This week, U.S. Rep. Maria Elvira Salazar, R-Fla., showcased her support for a proposal to “expand and promote access to donor breast milk which is a healthy and safe alternative to infant formula or breast milk directly from the baby’s mother when supply is short.”
U.S. Rep. Chrissy Houlahan, D-Penn., introduced the “Access to Donor Milk Act (ADMA)” last week with Salazar and U.S. Rep. Stephanie Bice, R-Okla., as co-sponsors.
Salazar’s office stressed the bill would help when the nation faces infant formula shortages.
“In February, a Food and Drug Administration recall of Abbott infant formula, combined with preexisting supply chain disruptions, market concentration, and import restrictions on the product, led to a severe nationwide shortage of infant formula in the United States that many regions of the country are still recovering from according to local news reports,” Salazar’s office noted.
“Today, we took an important step forward for families by introducing a comprehensive bill to improve access to donor breast milk – a safe and vital lifeline for many medically vulnerable infants across this country,” said Houlahan. “We are building a broad coalition of support in the House and Senate, and I will keep working to deliver results for those in need. Especially in the wake of the infant formula crisis, we must be using all of the tools at our disposal to help children and families.”

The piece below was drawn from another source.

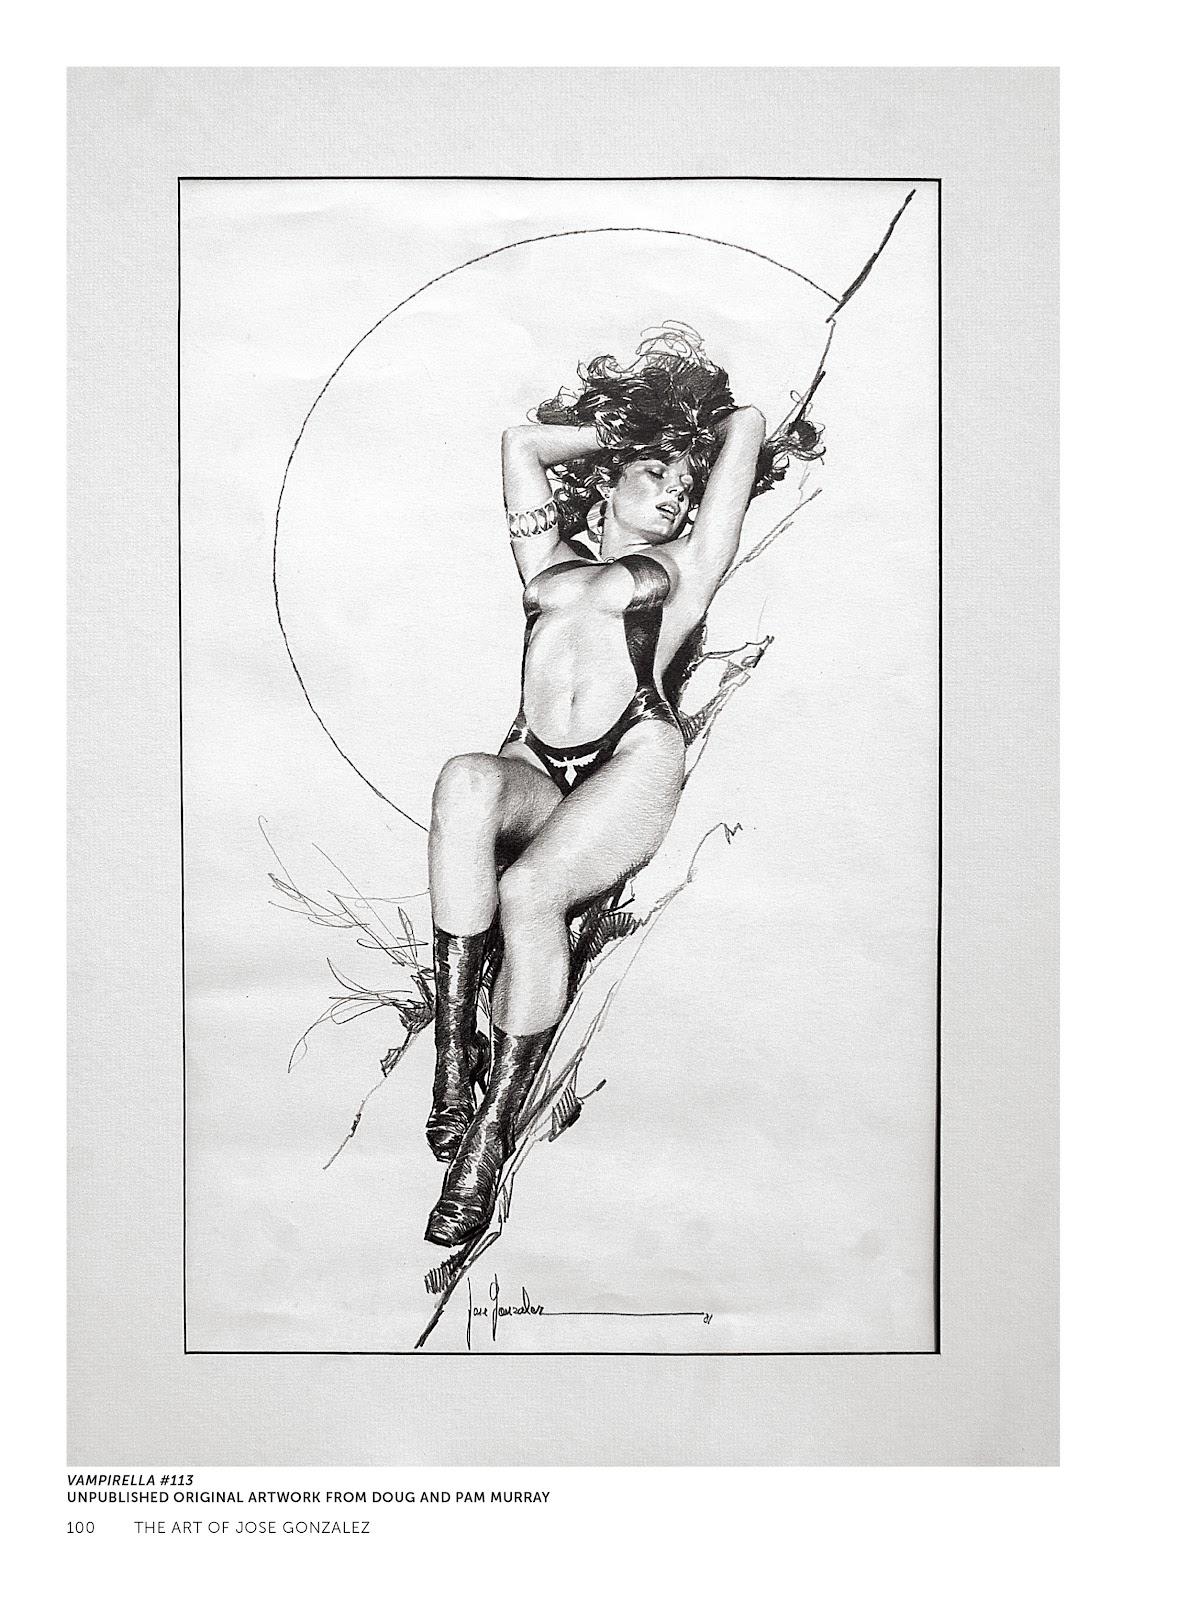 Read online The Art of Jose Gonzalez comic -  Issue # TPB (Part 2) - 2

“Feeding and nourishing our infants should be as easy as possible whether parents use breast milk, formula, or donor milk,” said Salazar. “As a mother of two beautiful daughters, I am proud to co-lead legislation that will, especially in times of crisis, help suppliers meet demand for safe and healthy donor milk.”

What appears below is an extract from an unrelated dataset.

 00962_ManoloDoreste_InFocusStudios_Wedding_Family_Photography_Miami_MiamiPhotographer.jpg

“Fortunately, in the Fifth Congressional District, we have the Oklahoma Mothers’ Milk Bank which provides safe pasteurized milk for families,” said Bice. “For a variety of reasons, not all mothers can breastfeed, which has critical health benefits for young children. This bipartisan legislation will promote healthy families and help mitigate the impacts of any future infant formula shortages.“
More than a dozen groups have backed the proposal.
The bill was sent to the U.S. Energy and Commerce and the Education and Labor Committees. So far, there is no companion measure over in the U.S. Senate.